* [Collected data]
◇ ◇ ◇ ◇ ◇

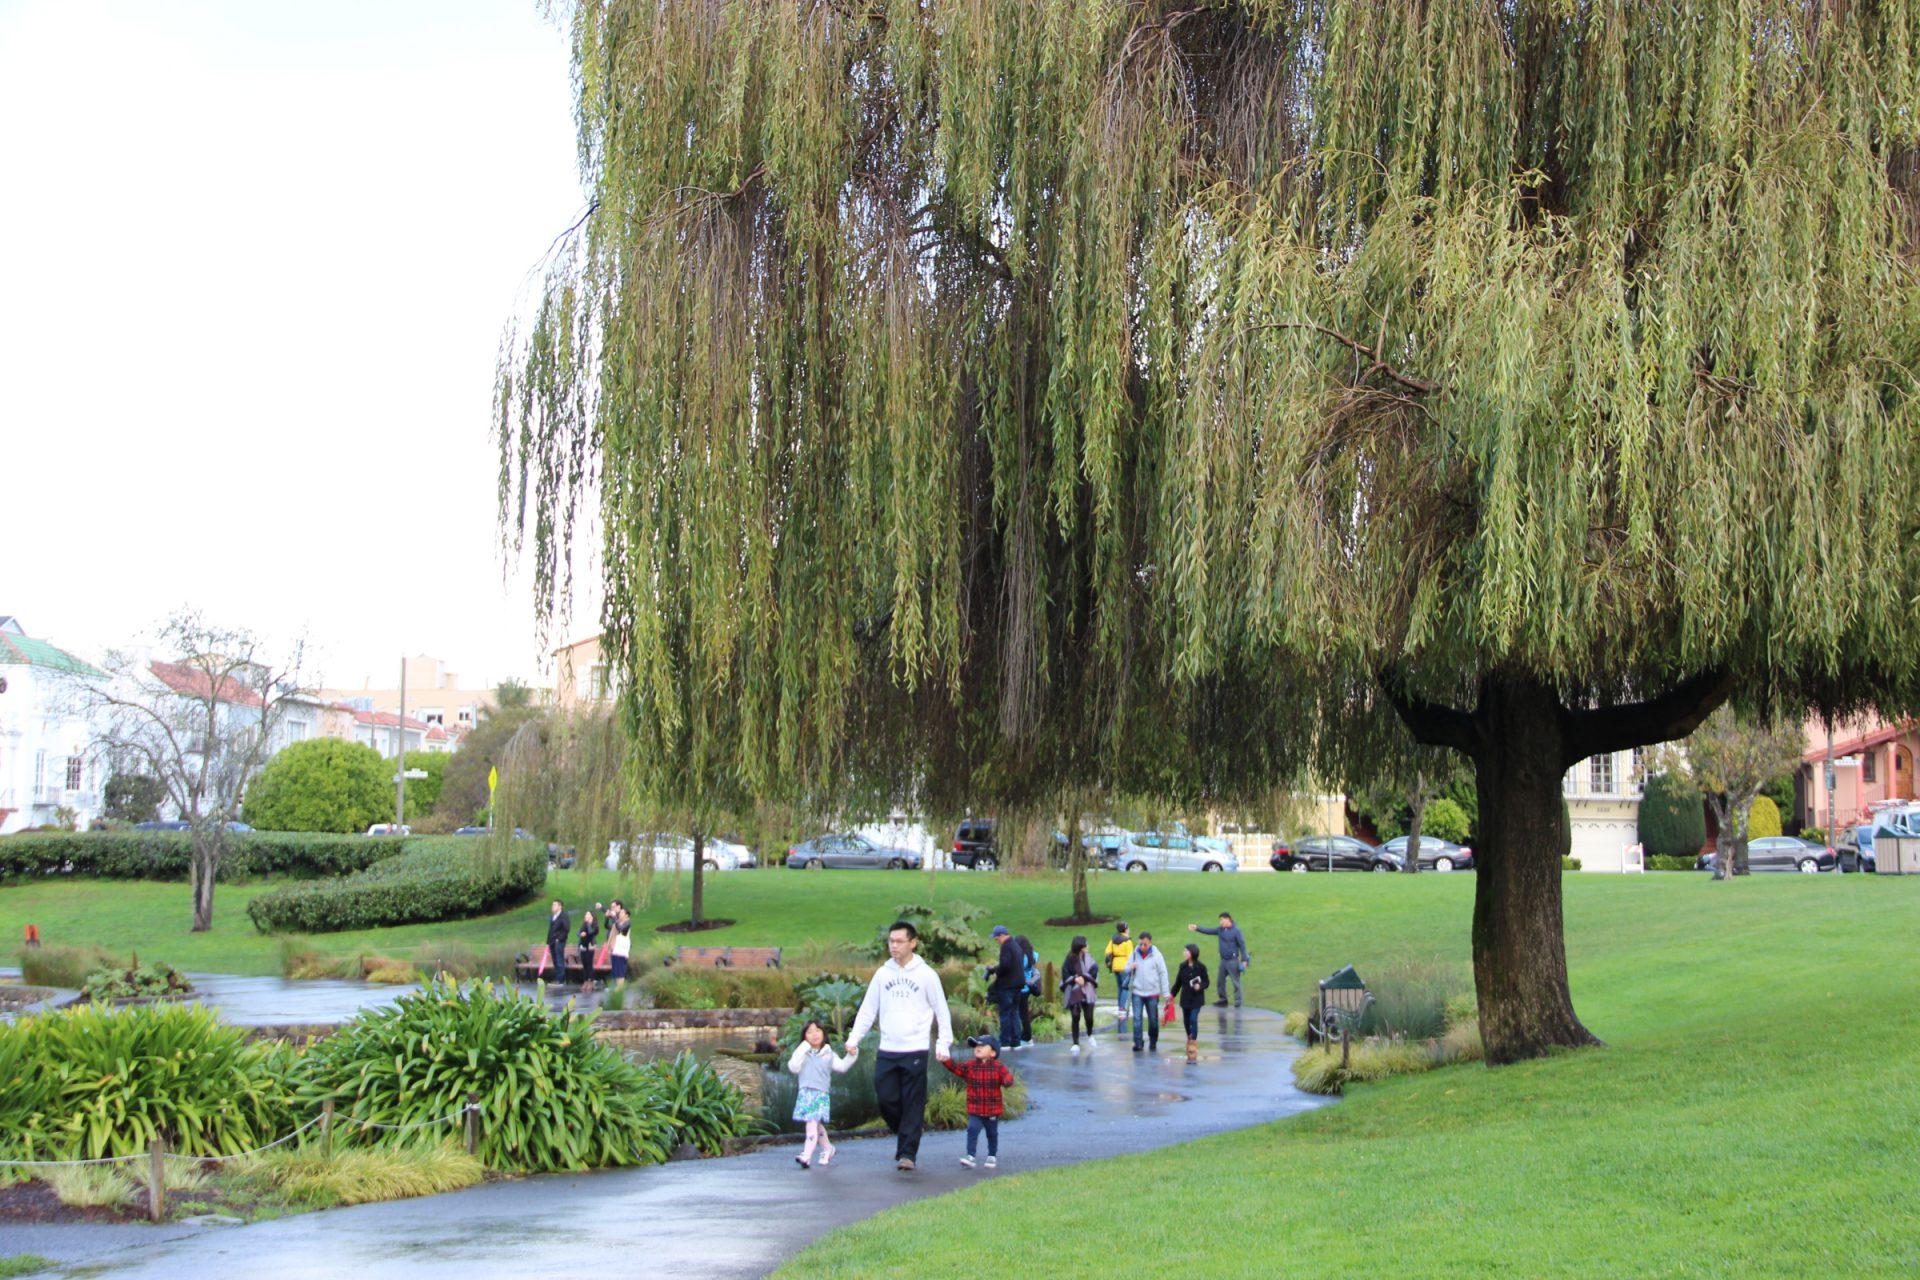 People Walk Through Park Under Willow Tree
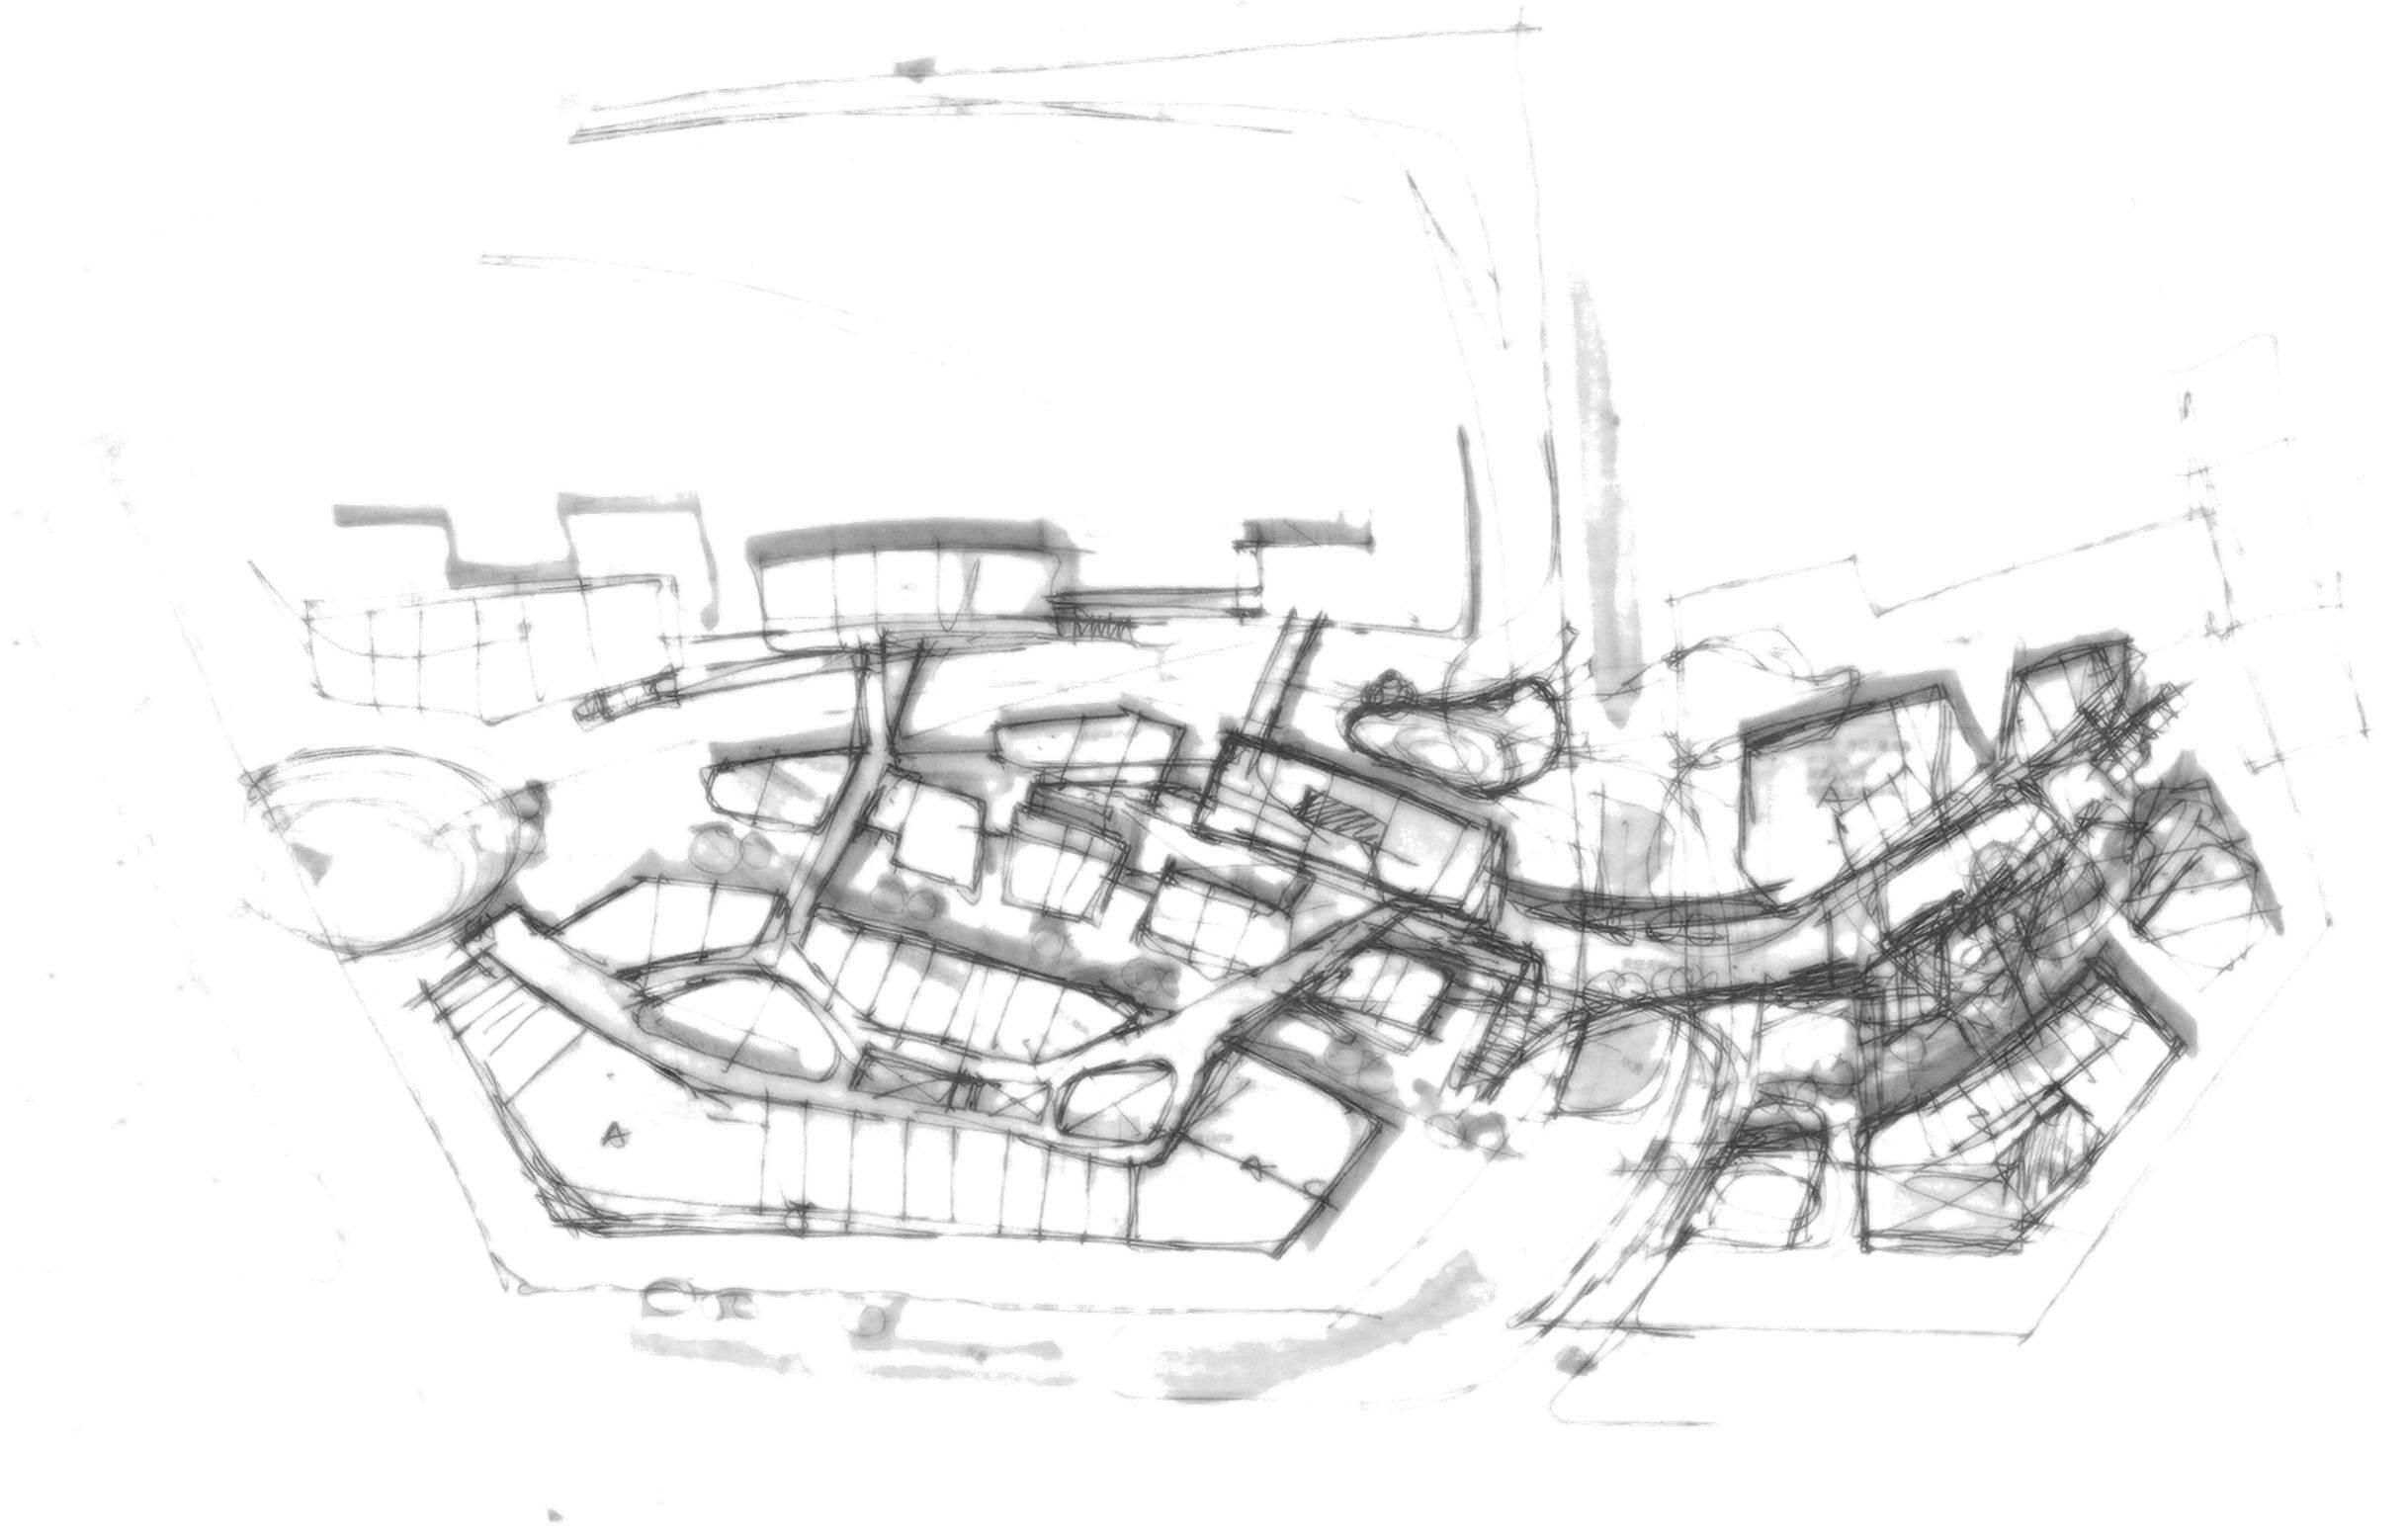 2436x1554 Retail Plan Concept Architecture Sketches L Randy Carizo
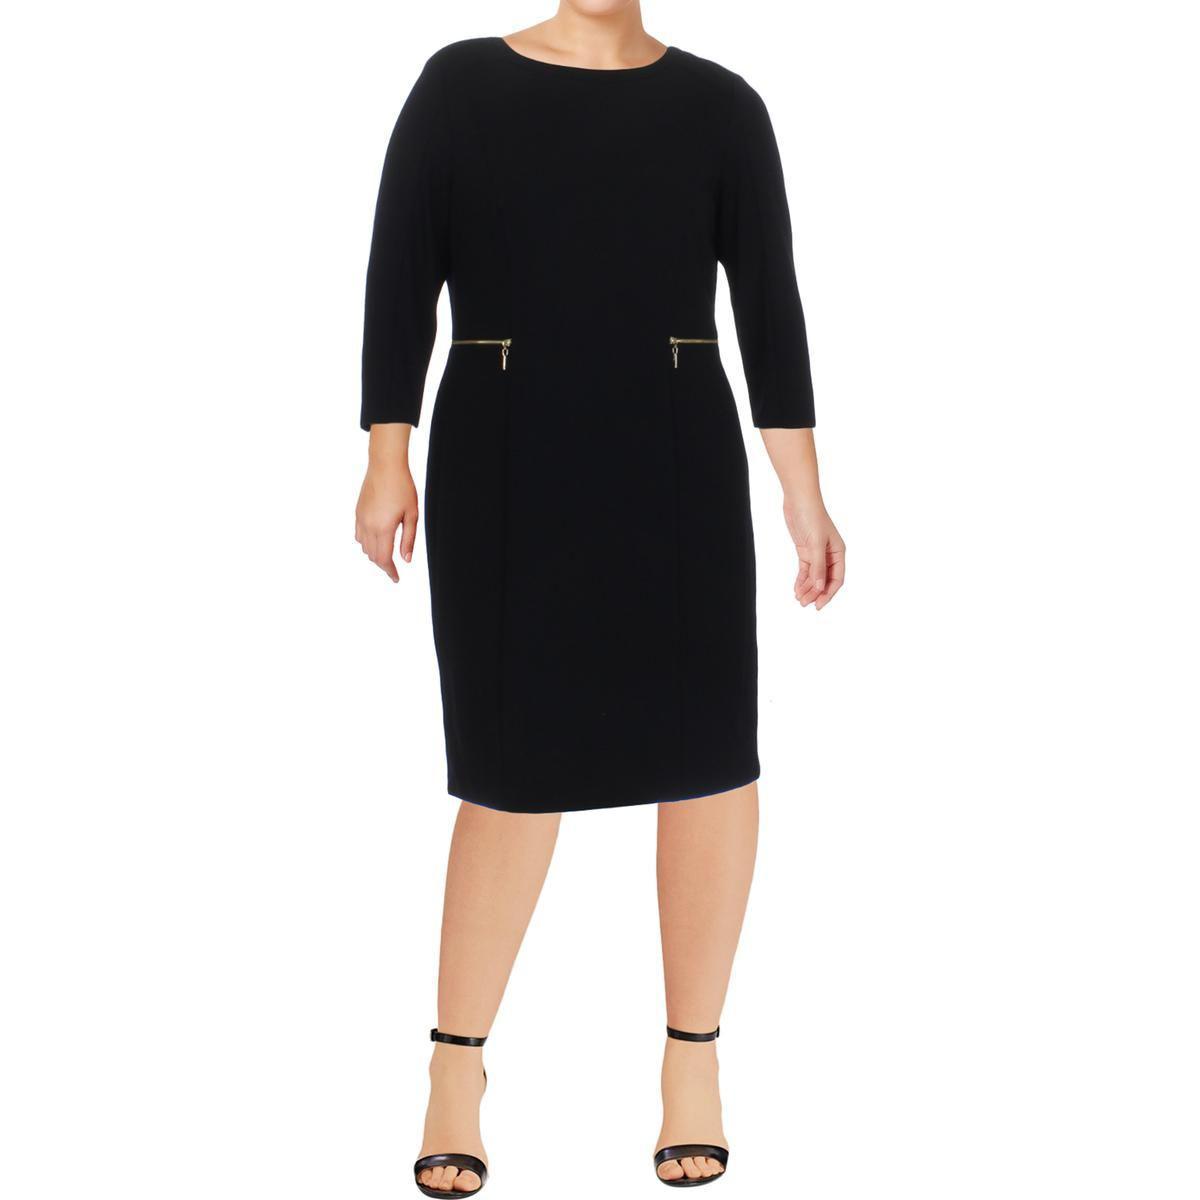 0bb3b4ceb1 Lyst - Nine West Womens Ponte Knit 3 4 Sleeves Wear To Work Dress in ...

◇ ◇ ◇ ◇ ◇

* [What is expected] Please print everything in the material exactly, apart from the pictures.

* [Reply]
 People Walk Through Park Under Willow Tree
 2436x1554 Retail Plan Concept Architecture Sketches L Randy Carizo
 0bb3b4ceb1 Lyst - Nine West Womens Ponte Knit 3 4 Sleeves Wear To Work Dress in ...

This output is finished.